Yemen: the nexus of Arabia - Zafar Hilaly - Saturday, April 09, 2011

Of all the Arab uprisings the one in Yemen will be the most complicated and difficult to resolve. Just about every factor is involved. It’s part tribal, religious/sectarian, political, economic, military and generational. The revolt is not exclusively about democracy even though it does involve a yearning for freedom. Of course, the selfishness of one man, his family and the fact the goodies the state has to offer only benefit his coterie offends many. But whether under the Ottomans, imams or presidents it has always been like that in Yemen, the land of incense, myrrh and spices. The spices came from Ceylon (Sri Lanka) and India to which the sea faring Yemenis had discovered a passage much before Vasco de Gama. But, wanting to keep it a secret, they claimed the provenance of these much sought after items was Yemen itself.
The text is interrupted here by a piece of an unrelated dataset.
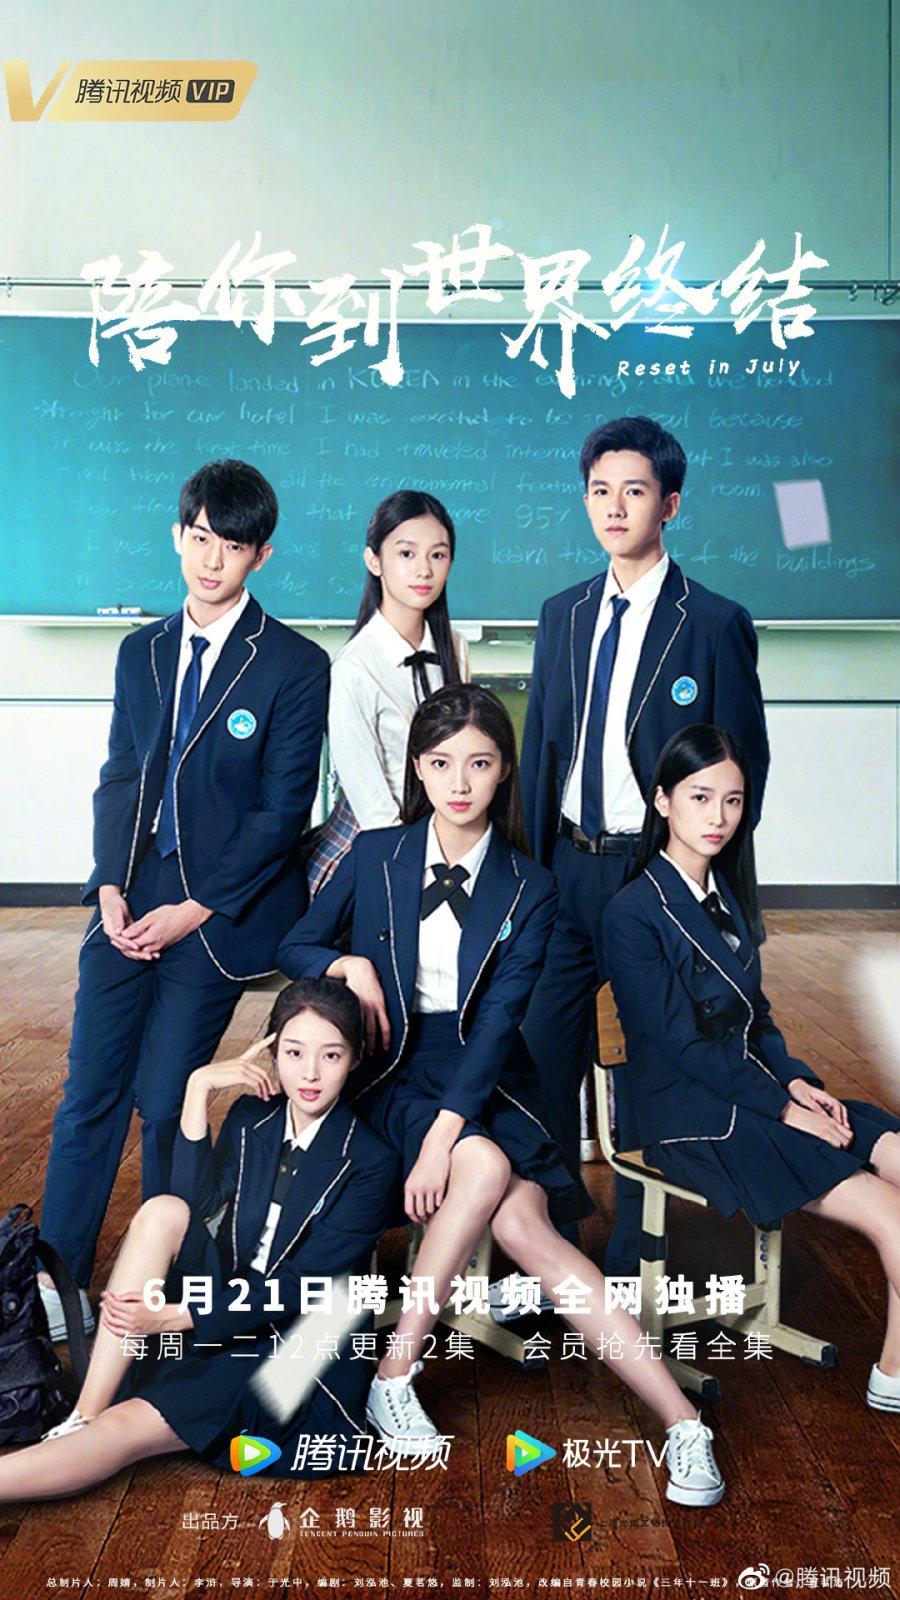 Reset in July Drama China (2021) : Sinopsis dan Review

Developments in Yemen, the dark hole of Arabia, have seldom bothered the outside world. Yemen is a backwater state; it has no oil or at least none that is left; very little money to buy anything; and absolutely nothing of value to export. In many respects Yemen is like what Afghanistan used to be, so far off the beaten track, so inhospitable the terrain and so fractious a people that in times of peace nobody really bothered about what happened there. But just as Afghanistan when in ferment aroused concern in the capitals of empires so does instability in Yemen in the Arab world. And just as Afghanistan is the gateway to the sub continent so is Yemen to Saudi Arabia – through its soft underbelly in the south.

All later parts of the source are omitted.